Хотя вышеуказанные критические замечания применимы к большой части работ Россетти, существует действительно драгоценный остаток, которого они не касаются. Есть несколько произведений — таких как «Ноктюрн любви», «Портрет», «Немного времени» и многие сонеты, — которые полны естественного чувства, выраженного простым и тонким искусством; и во многих его работах есть богатое и неясное свечение прозрения в глубины, слишком глубокие и слишком священные для ясной речи, даже если бы они могли быть высказаны: своего рода прозрение, совсем не редкое в великом искусстве прошлых времен, но чрезвычайно редкое в искусстве нашего собственного.

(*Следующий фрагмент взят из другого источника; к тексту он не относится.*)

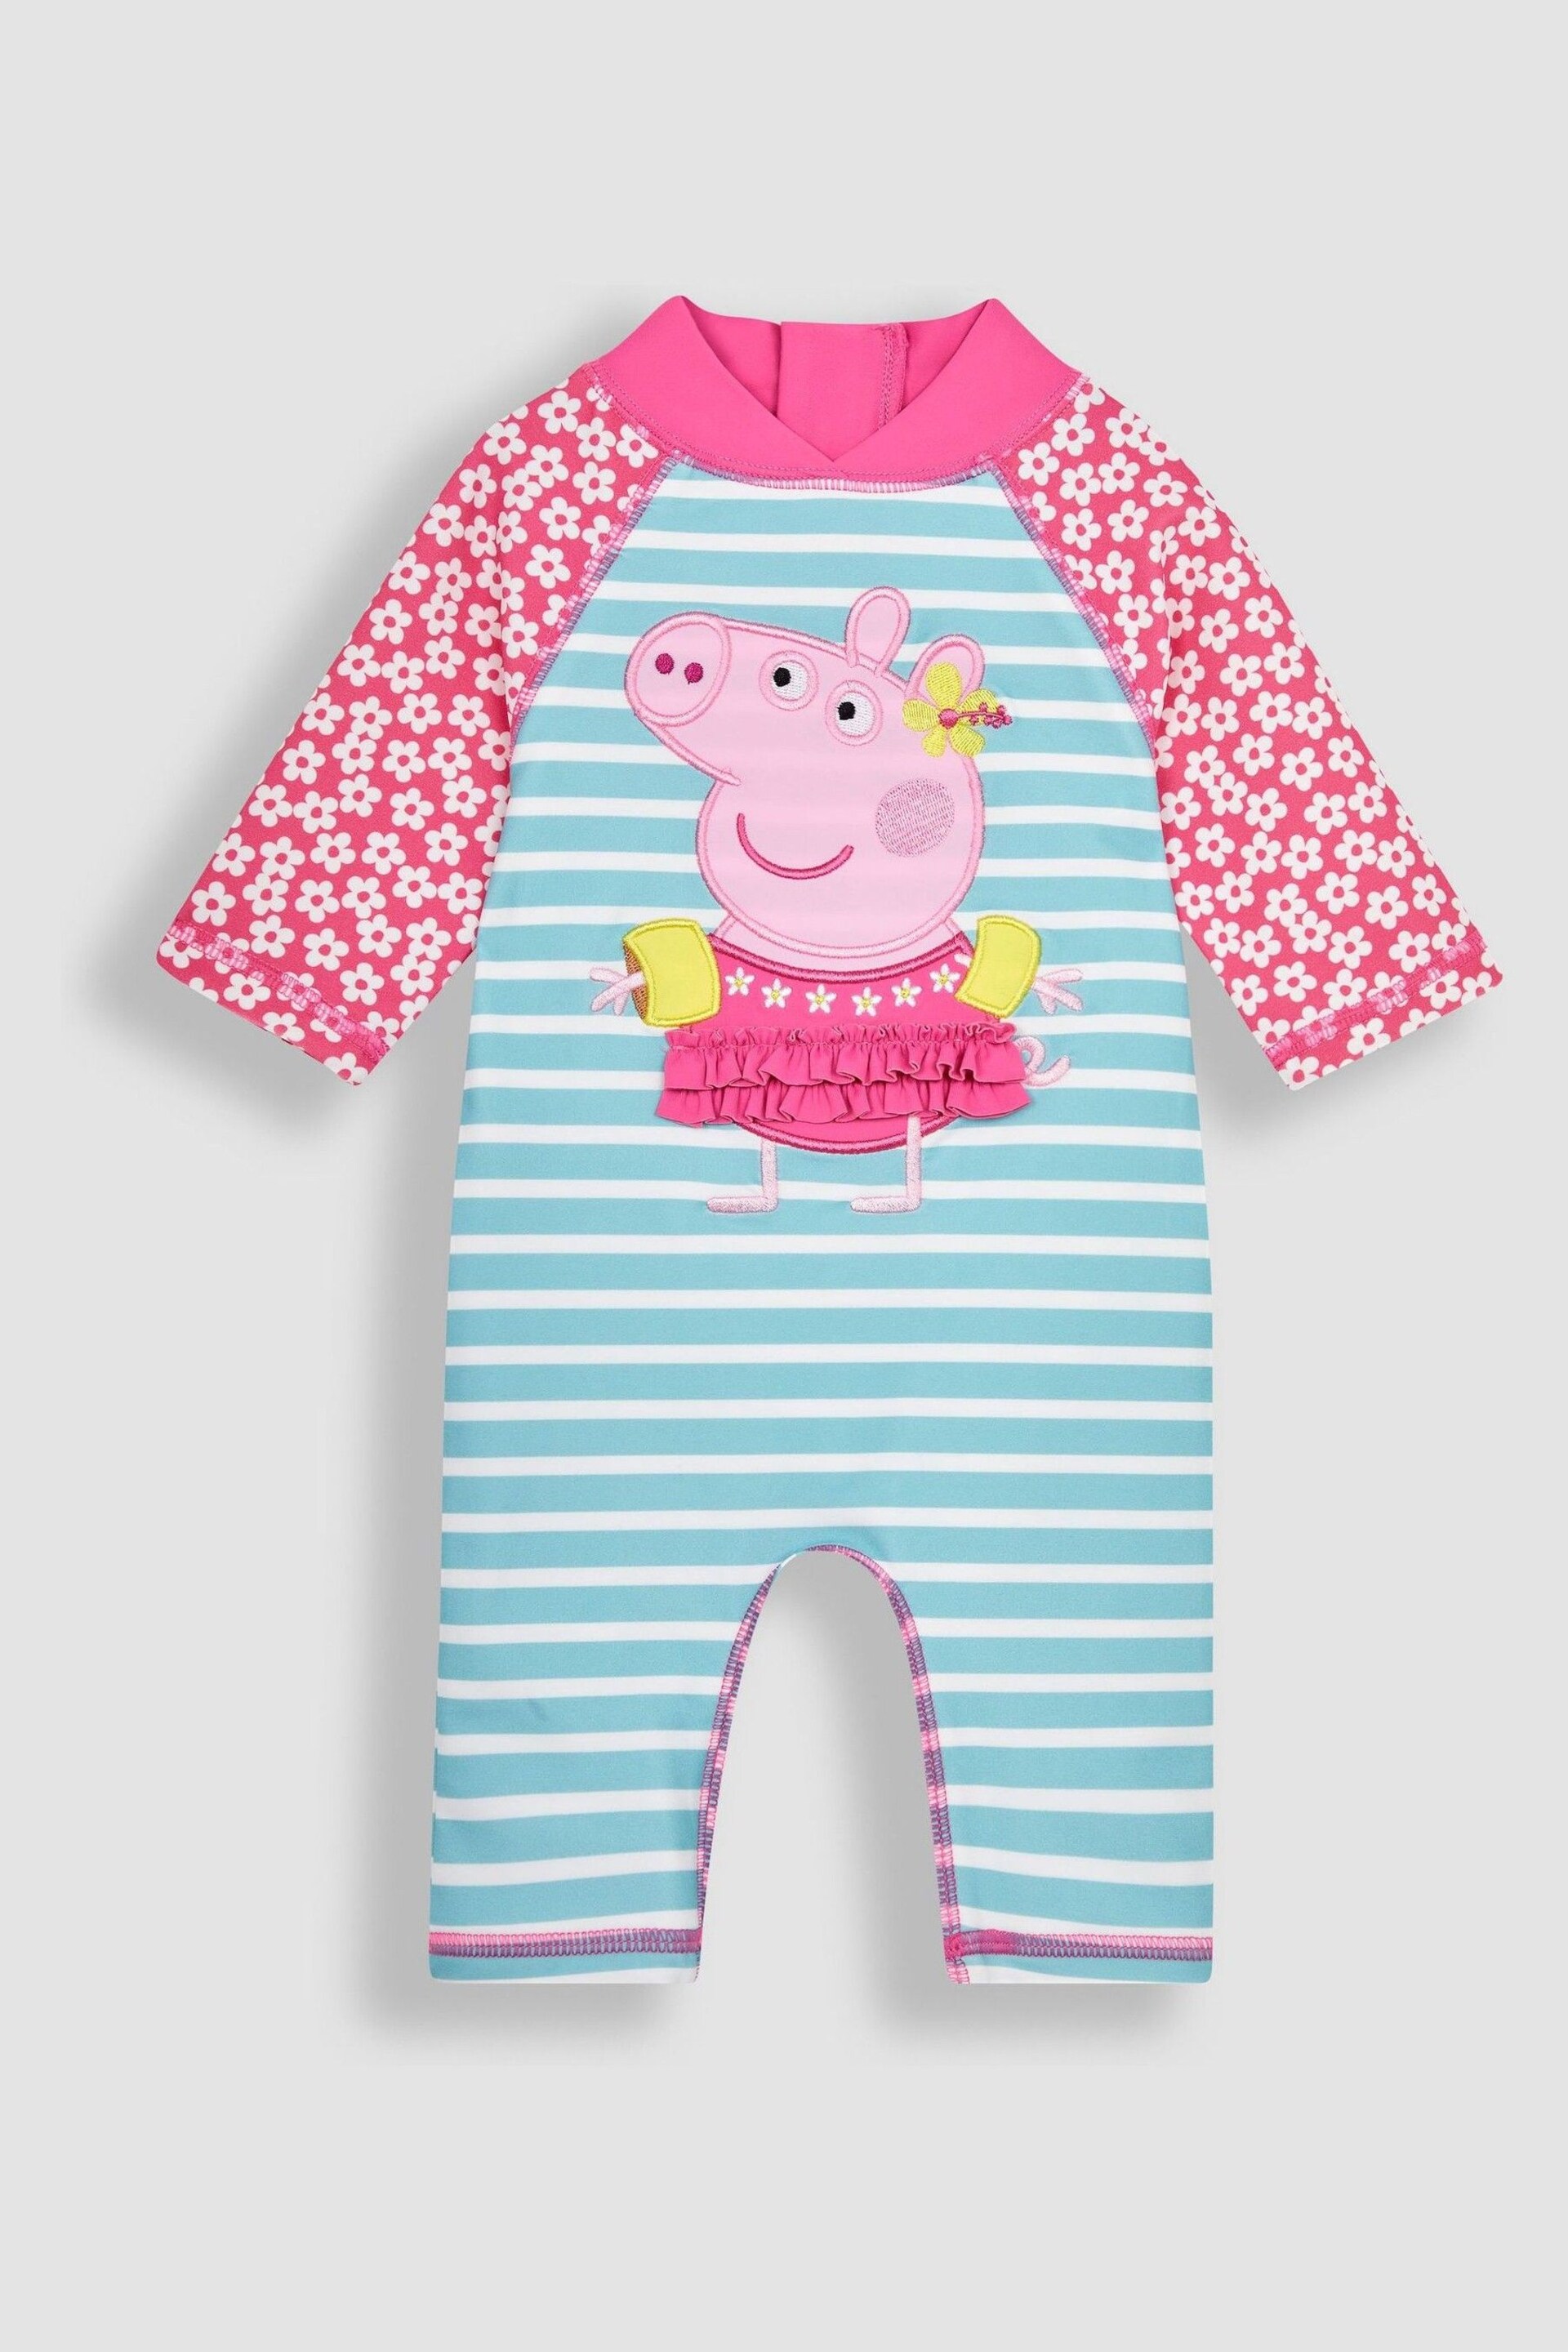 JoJo Maman Bébé Pink Peppa Pig UPF 50 1-Piece Sun Protection Suit - Image 3 of 6

XVII ИЗБРАННОЕ МИСТЕРА СУИНБЕРНА
Вероятно, было несчастьем для роста мистера Суинберна как поэта то, что никакая зима критического пренебрежения не предшествовала полному признанию его весьма замечательных талантов. Его лучшие друзья должны признать, что он все еще несколько моложе в суждениях, чем в своих годах и опыте авторства. Однако не стоит удивляться тому, что он был искушен довольствоваться тем, что, по-видимому, достиг одним шагом высоты репутации, достижение которой для большинства поэтов было работой тяжелого восхождения в течение многих лет. Мистер Суинберн все еще в расцвете сил и в полном владении своими способностями, и некоторые из его поздних работ показывают, что он обладает той постоянной силой роста, которая является одной из величайших привилегий гения. Если он будет только прислушиваться к своей собственной критической совести, он может еще сделать работу лучше и гораздо более долговечную, чем любую, которую он сделал до сих пор. Он не может, конечно, надеяться превзойти некоторые отдельные отрывки прозы и стихов, в которых он достиг характера широты и поэтического пыла, едва ли встречающегося у любого другого писателя того времени; но он может (и в последнее время были признаки того, что он намерен) изменить свою манеру мышления и письма так, чтобы его лучшее — которое действительно очень хорошо — не было дискредитировано таким количеством незрелого в мысли и композиции, какое можно найти в большой части его работ до сих пор. До сих пор мистер Суинберн был слишком склонен протестовать; что не является работой поэта, даже когда это делается мудро. В своих будущих произведениях мы, вероятно, услышим больше шепота утвердительной мудрости, чем вихря страстного отрицания; он будет все более полно признавать, что мир не состоит и никогда не будет состоять из Суинбернов и Россетти, и что тщетно осуждать популярные верования и институты, когда у него есть только, чтобы поставить на их места, другие, которые являются и всегда будут непонятными для подавляющего большинства человечества и неприменимыми к их требованиям. Люди всегда будут настаивать на том, чтобы иметь королей и священников; и мистер Суинберн, без сомнения, имел свои глаза слишком хорошо открытыми самой недавней историей, чтобы не разглядеть, что было бы мало пользы свергать короля Лога в пользу премьер-министра Аиста, или лишать сана архиепископа Кентерберийского, чтобы передать его власть генералу Буту.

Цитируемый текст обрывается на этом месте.